Consumer sensory analysis

One hundred consumers (over the age of 18 years) were recruited to determine the overall acceptability of four cookies (0%, 30%, 50% and 70% substitution by barley flour) and a commercial (regular) cookie (ChipsAhoy®; Kraft Foods, Northfield, IL, U.S.A.). A 9-point hedonic scale (1 = dislike extremely to 9 = like extremely) was used to record the liking scores of the consumers.

Data analysis

Analysis of variance (ANOVA) was performed on instrumental data (A_w and colour parameters), descriptive data (18 attributes), and consumer data (overall liking). The judges were used as a random effect in the overall statistical model and hence replicate by treatment was used as the error term for the treatments in the descriptive data. Fisher’s least square difference (LSD) was used as a post-hoc mean separation technique for the treatments (error term: replicate by treatment). Differences among data were determined at the 5% level of significance. Principal component analysis (PCA) was carried out on the descriptive data. A two-dimensional PCA biplot was graphed where cookie samples were placed in the sensory space created by the descriptive attributes. The data analysis (ANOVA and PCA) was completed using SAS® (Version 9.1.3; SAS Institute, Cary, NC).

Results and discussion

Water activity

Water activity (A_w) of the various cookie doughs and baked cookies are shown in Table 3. The A_w of the cookie dough decreased with increasing amounts of barley flour. The A_w of baked cookies was slightly higher (p < 0.05) in cookies with added barley flour as compared to the control cookie. The difference in A_w observed with addition of barley flour is probably because of the greater water holding capacity of barley flour. The barley flour (Prowashonupana) used in our study is known to absorb moisture at around three times its dry weight compared to refined wheat flour which absorbs around one and a half times its dry weight (Matz 1978; Manley 2000). The water absorption is higher in Prowashonupana barley because of the higher β-glucan content.
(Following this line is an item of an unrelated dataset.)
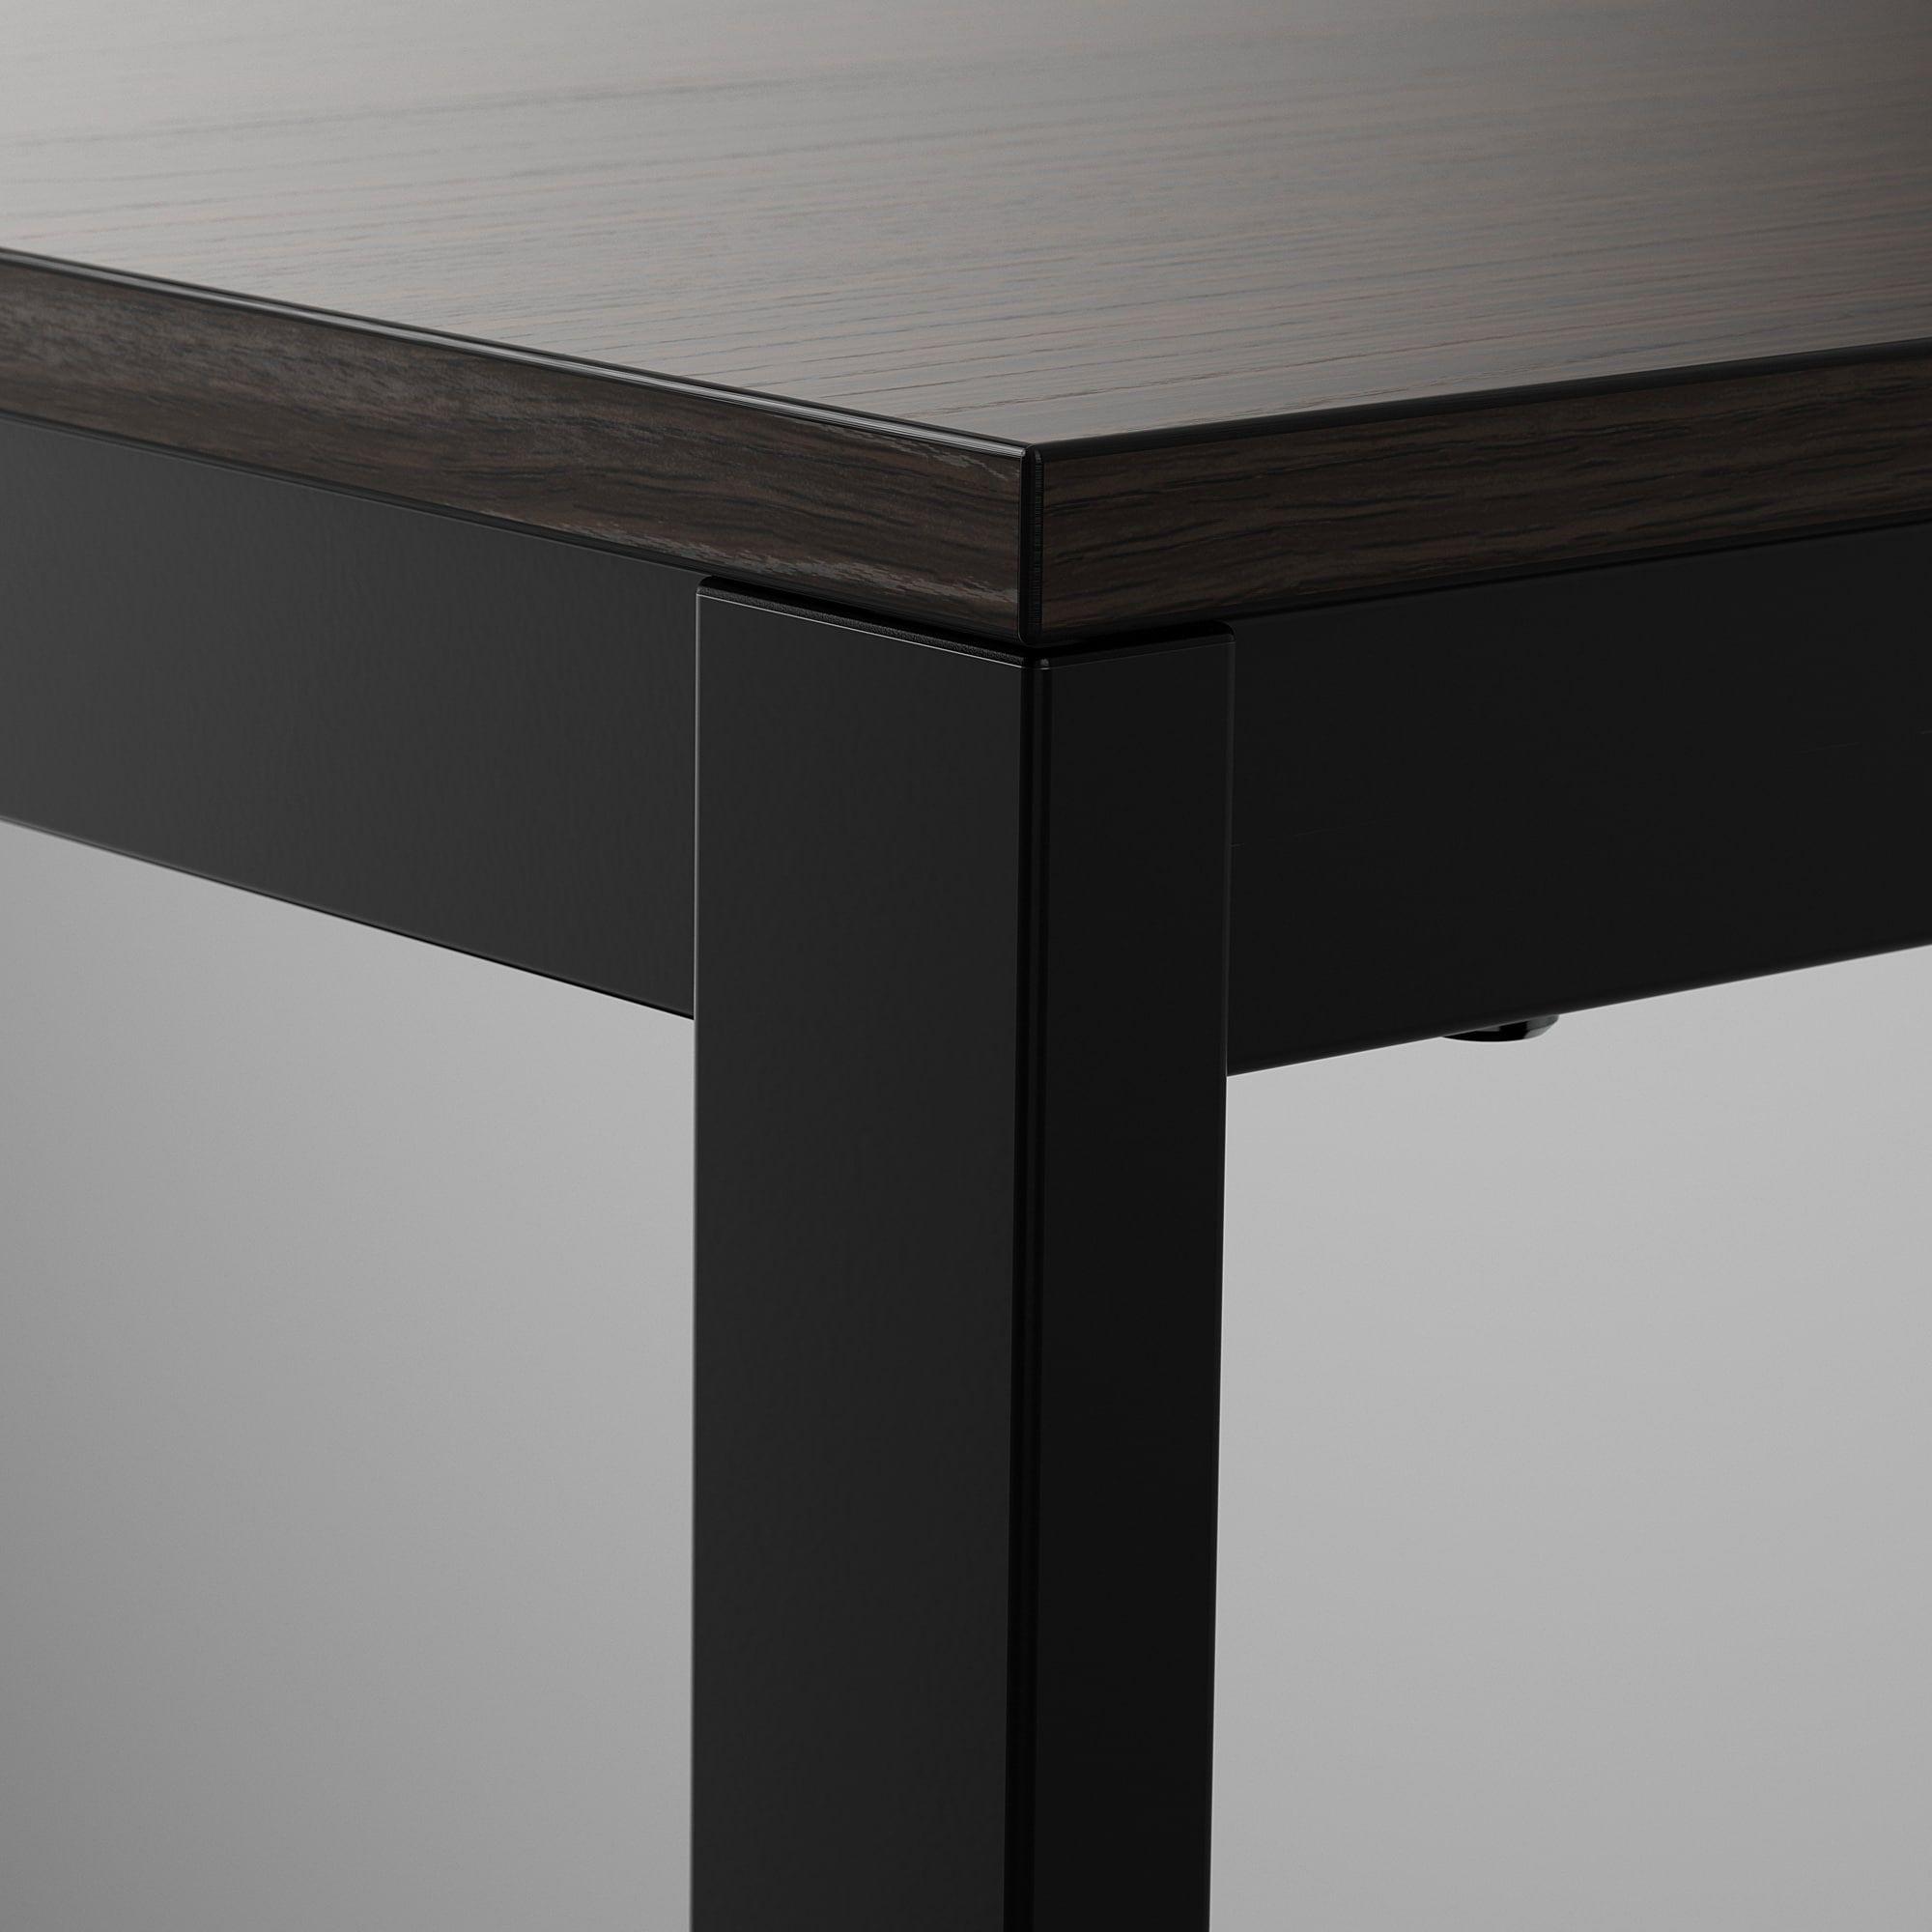 Https Www Ikea Com No No P Vangsta Uttrekkbart Bord Svart Mork Brun 10420152 Ikea En 2020 Table A Rallonge Table Extensible Table A Manger Extensible
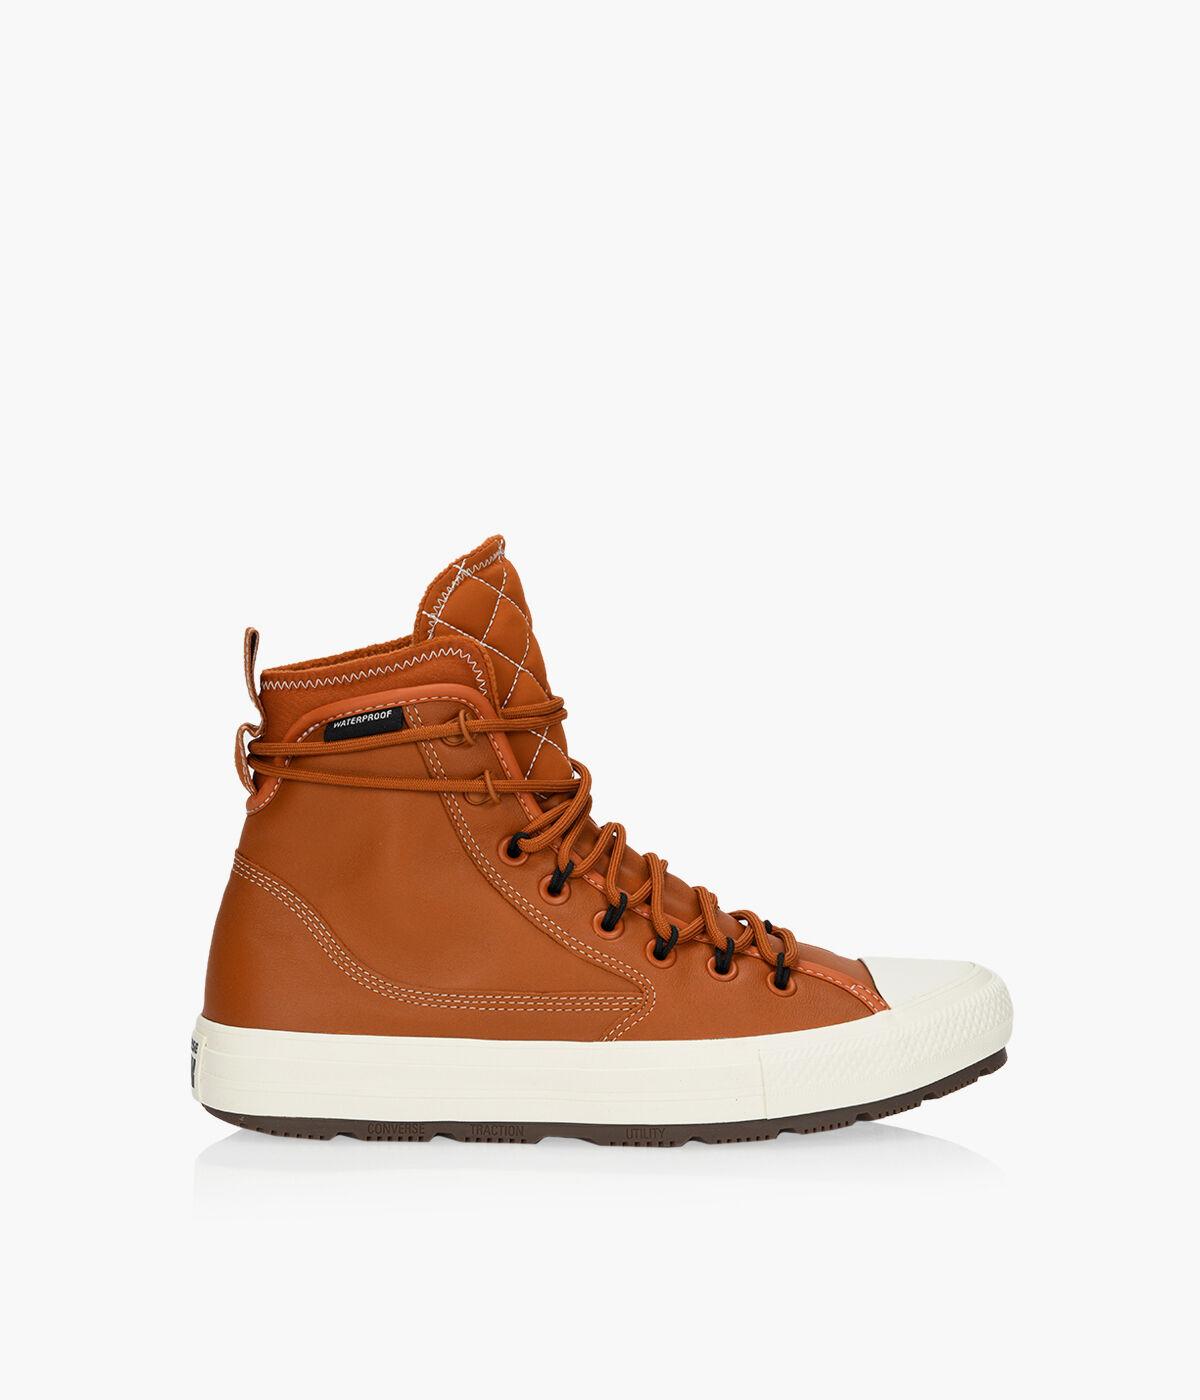 Sandals for Women, Men, Kids | Browns Shoes

The higher A_w of baked barley cookies could be also because of the ability of the soluble fibre to hold water at high temperatures associated with baking (Manley 2000). A similar study done on fibre-enriched cookies by Soto-Mendívil and Vidal-Quintanar (2001) showed that moisture content of the cookies increased with higher substitution of regular flour with nixtamalized (softening process by soaking corn in hot lye solution) corn hull. Some other studies have also shown that increasing fiber content of the flour increased A_w or moisture content of baked goods (Ranhotra et al. 1991; Grigelmo-Miguel et al. 1999).

Table 3.

The means (n = 3) for the instrumental analyses of barley cookies

Treatment1	Instrumental terms
	Water activity (Dough)	Water activity (Cookies)	Colour parameters
			Lightness (L*)	Redness (a*)	Yellowness (b*)
0%	0.80a	0.46c	61.0a	9. 6bc	30.6a
30%	0.80ab	0.50a	56.2c	8.9c	27.2b
40%	0.79b	0.47bc	56.3c	10.8a	30.1a
50%	0.79c	0.50a	57.1bc	10.1b	28.9a
60%	0.78c	0.49ab	56.5bc	11.5a	30.5a
70%	0.78c	0.50a	59.4ab	10.0b	29.4a

¹% refers to percentage substitution of total all-purpose flour weight by barley flour

^a,b,cColumn means with no common superscript differ (p < 0.05).

Colour

The tristimulus colour parameters (L*, a* and b*) did not show any consistent trends for the experimental cookies (Table 3). The lightness (L*) of the control and 70% barley cookies was similar, and higher than the rest of the samples. The cookies with 30 and 40% substitution with barley flour were darker than rest of the cookies containing barley flour. The 70% barley cookie was significantly (p < 0.05) lighter than the 30% barley cookie, which might indicate that the cookies become lighter in colour with increasing substitution with barley flour. Vratanina and Zabik (1978) noted a decrease in L* values for sugar-snap cookies with increasing substitution with red and white bran. Both the fibres were substituted for wheat flour at 10, 20, and 30% levels in the cookies. Higher L* values indicate whiter or lighter colour in the products. There was no consistent trends in either redness (a*) or yellowness (b*). Rasco et al. (1990) reported that the crust colour of breads made with barley distillers’ grain were darker and redder. The colour differences, although small, increased with the increase in substitution of bread flour with barley distillers’ grain. The colour difference in their products could be because of using barley spent grain, which is darker in colour and not barley flour.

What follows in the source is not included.